Rolls Royce Silver Shadow: Sottovalutata Senza Motivo
ROLLS ROYCE SILVER SHADOW
Testo: Roberto Marrone
Quando si parla di Rolls Royce, la Silver Shadow è senz’altro la più conosciuta, classica come poche altre, grande ma non esagerata e anche acquistabile senza dover spendere grandi cifre. Sicuramente la convenienza è data dal fatto che è stata la RR costruita nel più alto numero di esemplari – il progetto, portato avanti in molti anni, era partito dalla necessità di rinnovare la ormai datata Silver Cloud e di creare una vettura più moderna. I grandi cambiamenti nelle tradizioni della casa rappresentavano anche un possibile rischio e la Silver Shadow infatti abbandonava il telaio a carrozzeria portante, presentando solo due piccoli telaietti per le sospensioni indipendenti, sull’avantreno a bracci triangolari e molle elicoidali, mentre i bracci inferiori erano collegati da una barra stabilizzatrice, mentre per il ponte posteriore silent block e mozzi applicati ai semiassi e molle elicoidali.
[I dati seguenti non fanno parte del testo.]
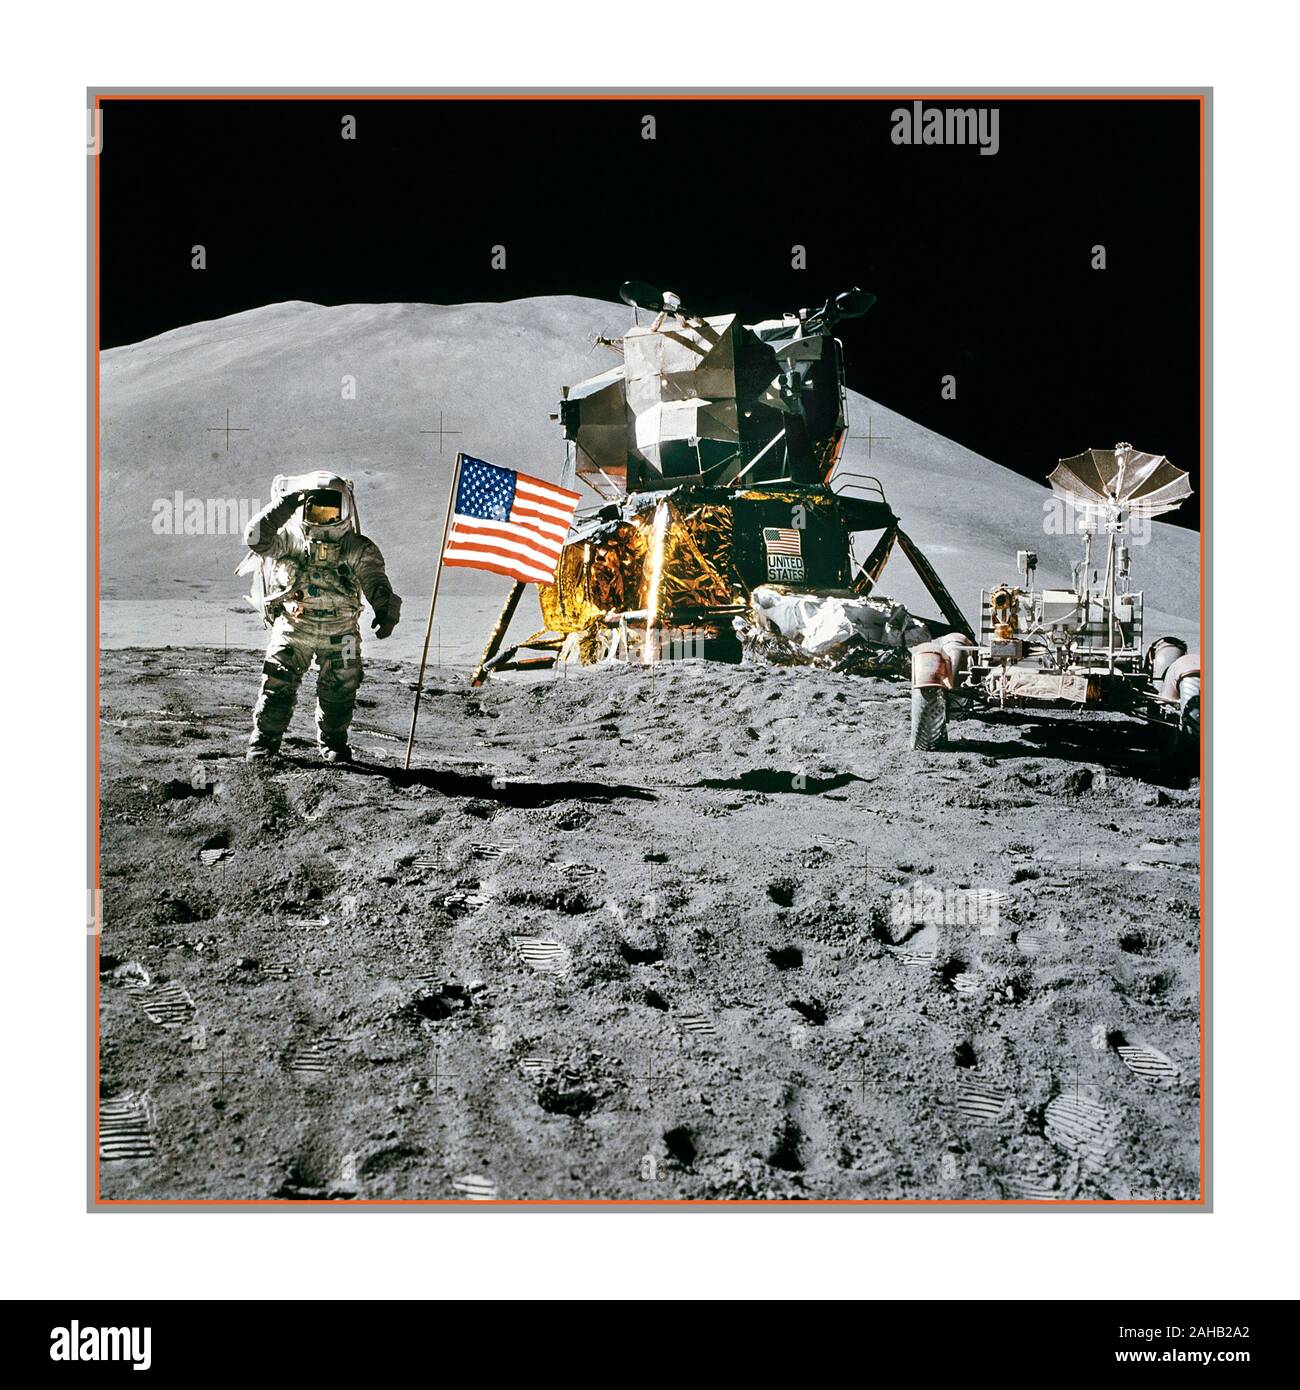 ATTERRISSAGE SUR LA LUNE 1971 Apollo 15 Lunar module Pilot James Irwin salue le drapeau américain sur la lune. L'astronaute James B. Irwin, pilote du module lunaire, salue l'armée tout en se tenant à côté du drapeau américain déployé pendant l'activité extravéhiculaire de surface lunaire (EVA) Apollo 15 au site d'atterrissage de Hadley-Apennine. Le module Lunar 'Falcon' est partiellement visible à droite. Le delta de Hadley en arrière-plan s'élève à environ 4,000 mètres au-dessus de la plaine. Apollo 15 a été la neuvième mission de crewed dans le programme Apollo des États-Unis, et la quatrième à atterrir sur la Lune. Banque D'Images

Per le sospensioni arrivava il sistema di auto livellamento sulle quattro ruote (dal 1969 venne però eliminato dall’avantreno, perché ritenuto superfluo, portando tale modifica a tutte quelle precedentemente vendute) ed il sistema permetteva alla vettura di poter viaggiare anche con il bagagliaio a pieno carico senza subire nessun cambiamento nella guida; infine, anche l’ottimo servosterzo assicurava una guida facile e fluida.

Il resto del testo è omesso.